Hop: “¿No te extraña ver un conejo que habla?”David Hasselhoff: “Mi mejor amigo es un coche que habla.”
Aunque aquí estas tradiciones las cumplamos sin que signifiquen mucho para nosotros, estamos hartos de ver películas en las que se pone en peligro la capacidad de Papá Noel para repartir regalos, lo cual malograría la Navidad. ‘Hop’ (2011) nos cuenta la misma historia, pero es el conejito de Pascua quien no quiere llevar a cabo su reparto en lugar de Santa y es la Semana Santa lo que está en peligro. E. B. es un conejo adolescente que debe heredar la profesión de su padre, Easter Bunny, pero que, en lugar de ello, desea convertirse en batería de rock y viajar por el mundo. Decide probar suerte en Hollywood, donde Fred, un vago al que sus padres acaban de echar de casa para que encuentre trabajo y piso, lo atropella. E. B. – Hop en el doblaje y en los subtítulos– finge que está herido, por lo que Freddy se siente obligado a llevarlo a la mansión que tiene que vigilar durante la ausencia de los dueños.

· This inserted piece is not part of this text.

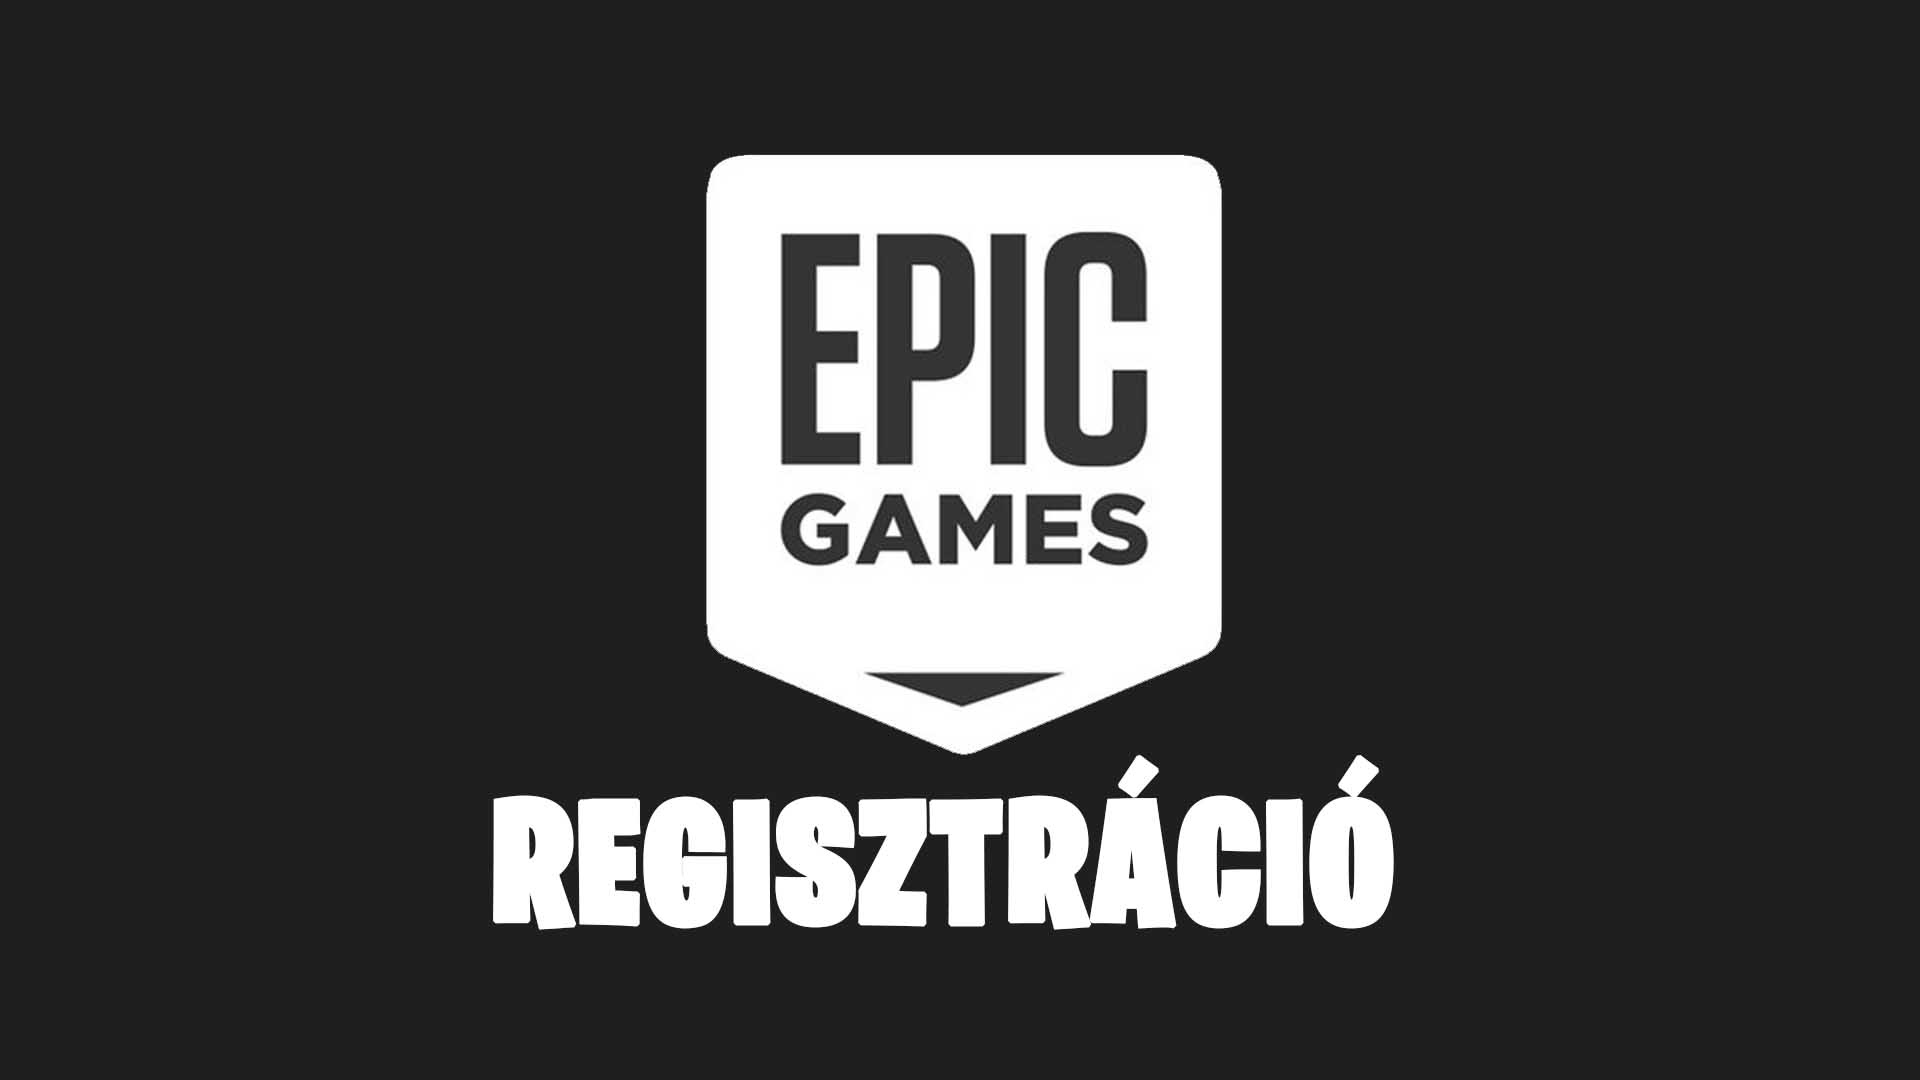 Epic Games regisztráció lépései magyarul [Epic Games magyar nyelvű regisztrációs útmutató] nyitóképe, borítóképe

Tim Hill, director de ‘Alvin y las ardillas’, y los productores de ‘Gru, mi villano favorito’ se unen para llevar a cabo un producto que cuenta con un 3D de movimientos fluidos y creíbles, con un diseño simpático de personajes animales y con una perfecta integración entre la animación y la imagen real. Se ha desdeñado la opción de otras películas infantiles de ofrecer una segunda lectura que atraiga a los adultos y el público objetivo son los niños y niñas de muy corta edad, ni siquiera los jóvenes o los adolescentes. Pero me da la impresión de que incluso a los más infantes, como mucho, lograrán contentarlos, no entusiasmarlos o divertirlos.